OK, given the information in bug 337418 and the additional debugging info requested there, I'm suspecting it's a site with automatic-update/refresh usage since it happens at random without me actually touching the browser, and I have several tabs open with auto-refresh stuff (keeping an eye on release activity, etc).
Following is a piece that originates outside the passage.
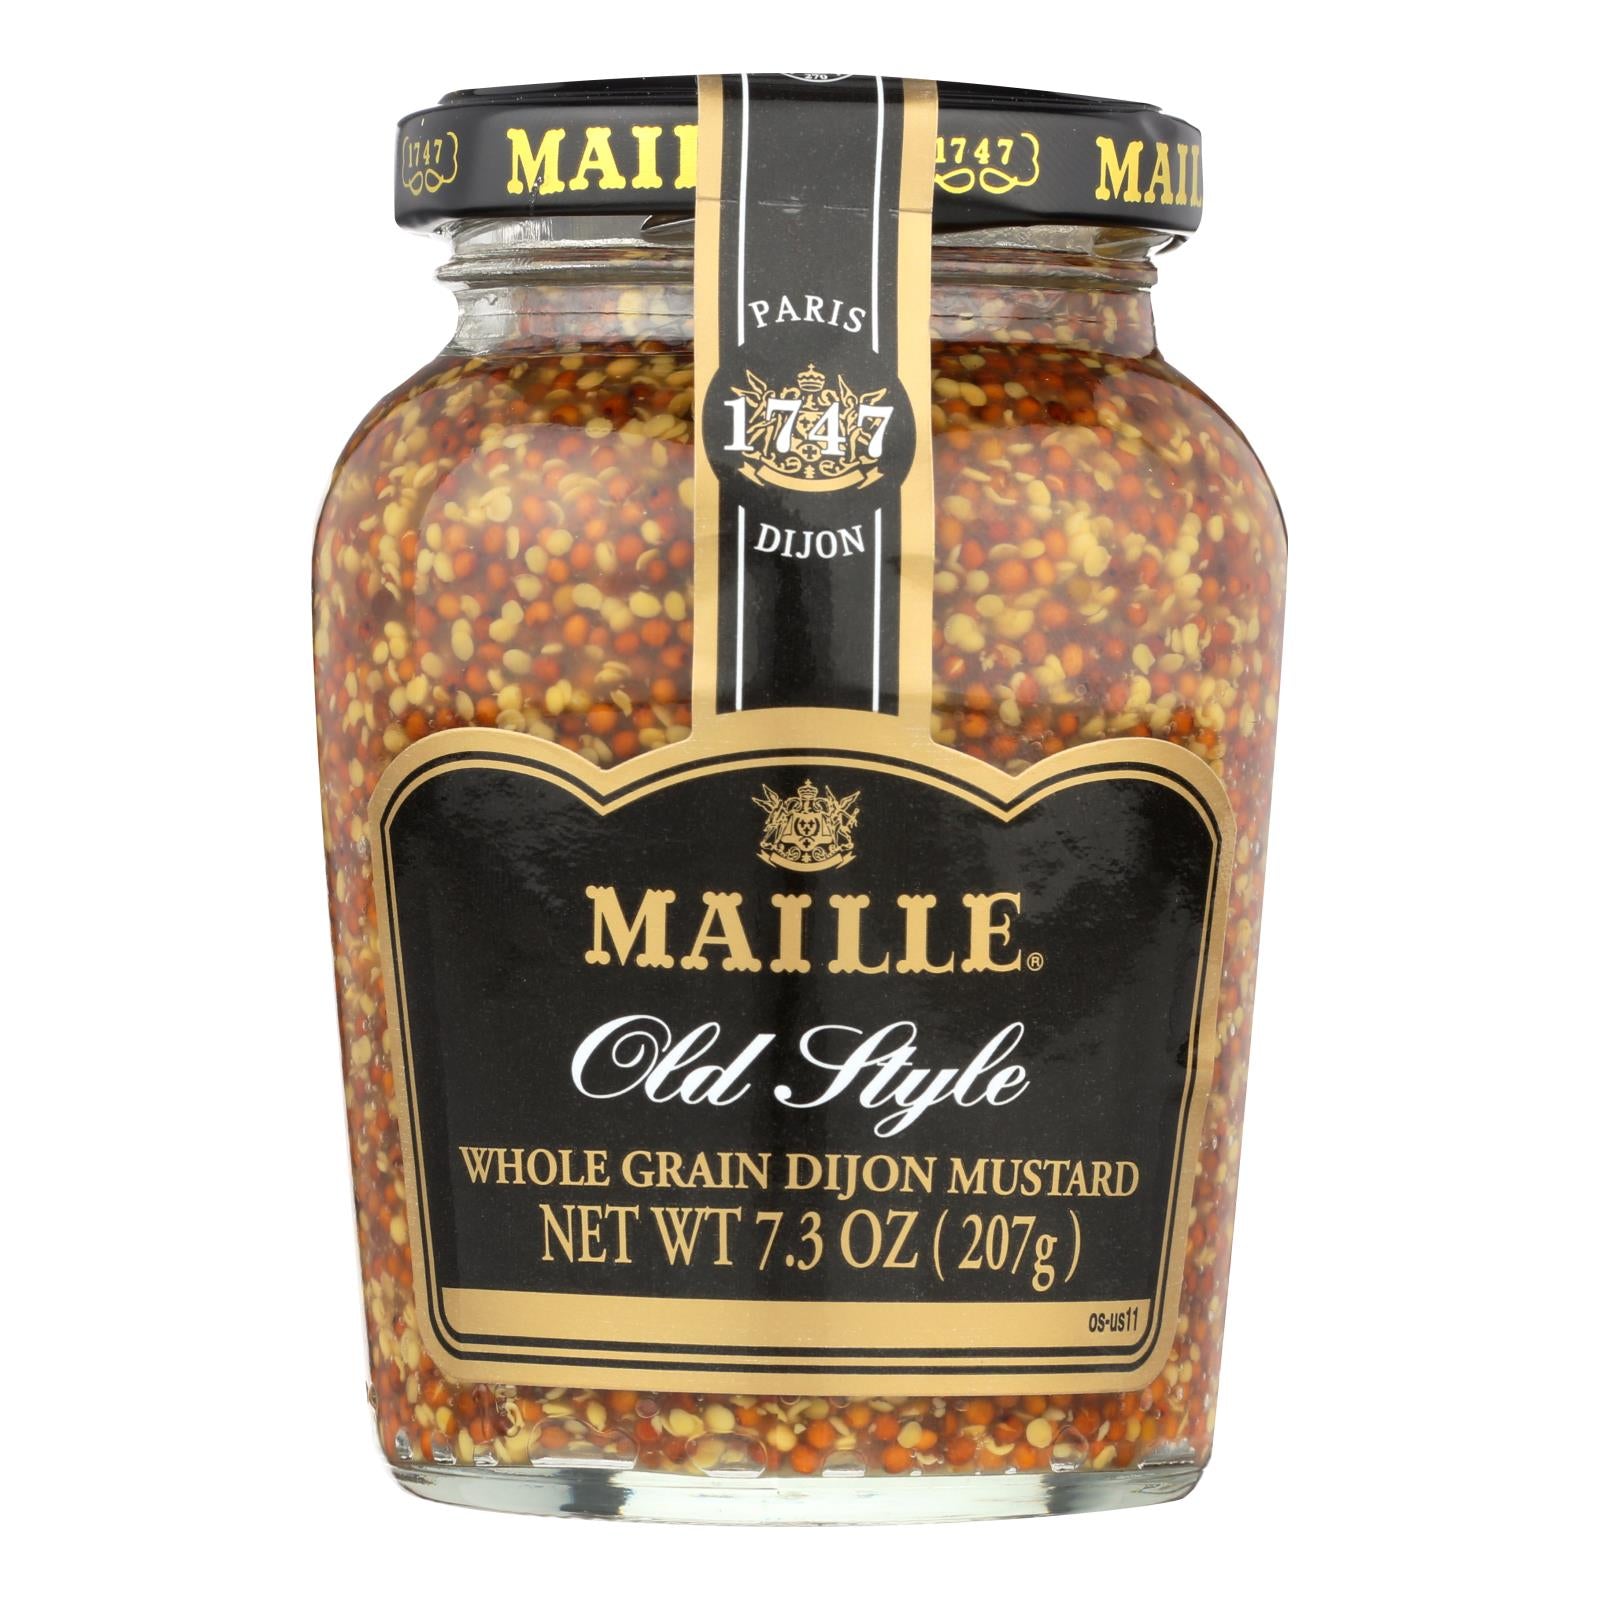 Maille Old Style Whole Grain Dijon Mustard - Case Of 6 - 7.3 Oz.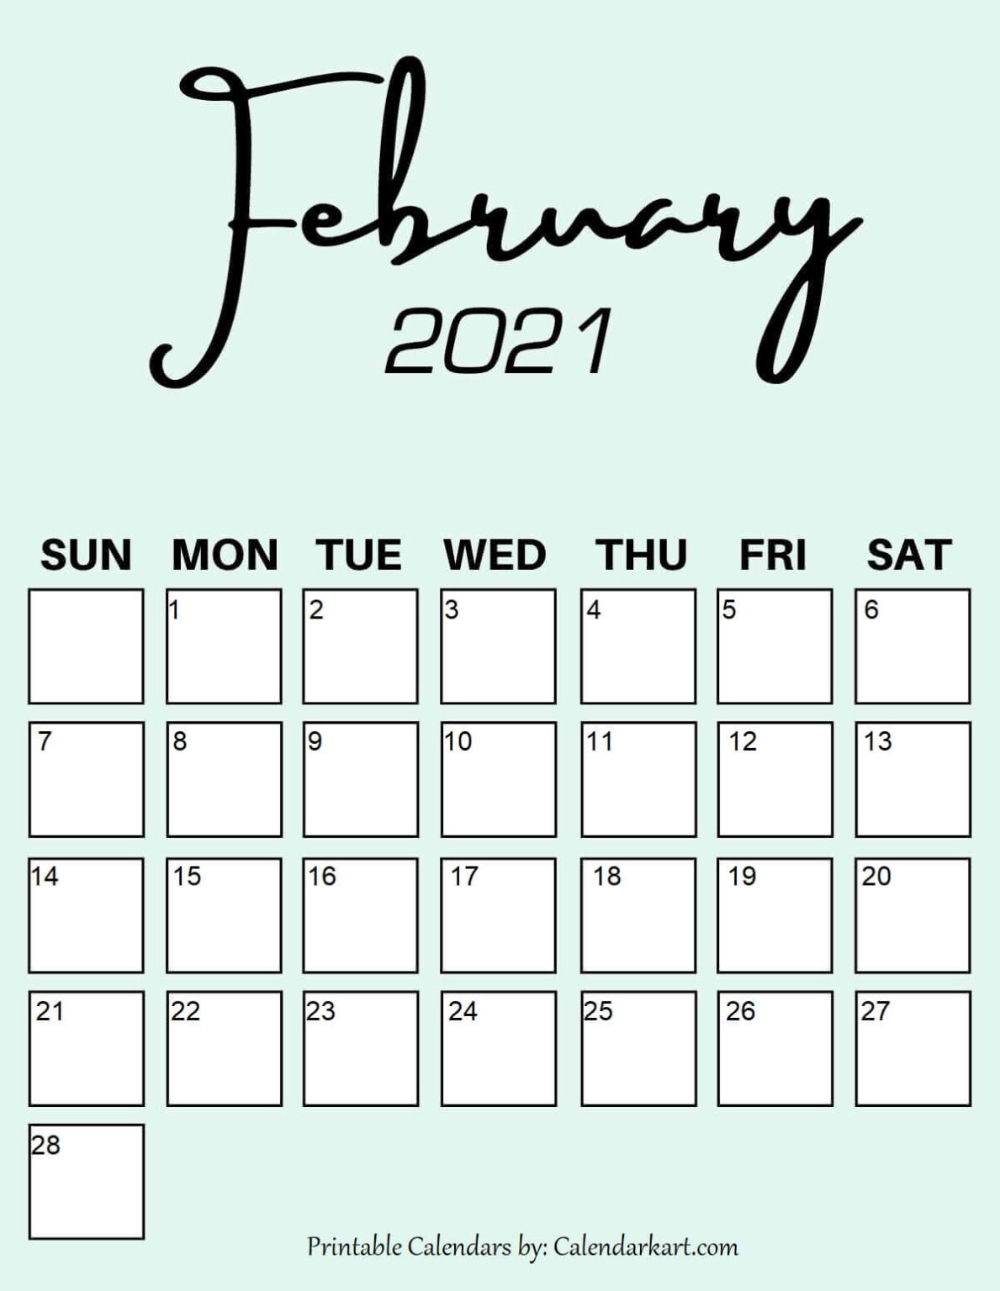 Imom Printable Calendar February 2021 | Free Printable-January February 2021 Calendar

Tab 1: http://www.facebook.com/home.php - does ajax requests to poll for new status updates and notifications www.facebook.com has address 69.63.184.30 Tab 2: https://nagios.mozilla.org/sentry/ - has a Refresh: 150 on it. nagios.mozilla.org is an alias for dm-nagios01.mozilla.org. dm-nagios01.mozilla.org has address 63.245.208.170 Tab 3: https://nagios.mozilla.org/ftplag/ - has a Refresh: 60 on it. nagios.mozilla.org is an alias for dm-nagios01.mozilla.org. dm-nagios01.mozilla.org has address 63.245.208.170 Tab 4: http://people.mozilla.org/~nthomas/misc/uptake.html - has <meta http-equiv="refresh" content="180"> people.mozilla.org is an alias for people.mozilla.com. people.mozilla.com has address 63.245.208.169 Tab 5: http://downloadstats.mozilla.com/ - I assume it's using ajax of some sort to poll for the stats data. downloadstats.mozilla.com is an alias for star-moz-com-php5.nslb.sj.mozilla.com. star-moz-com-php5.nslb.sj.mozilla.com has address 63.245.209.77 Of course, the ones doing ajaxy stuff could be using other host names for where to pull data from.
What product/component owns class nsDNSRecord ? IMO, the problem probably lies there, not in NSS. Perhaps we should add members of the cc list for bug 337418 to this bug's list.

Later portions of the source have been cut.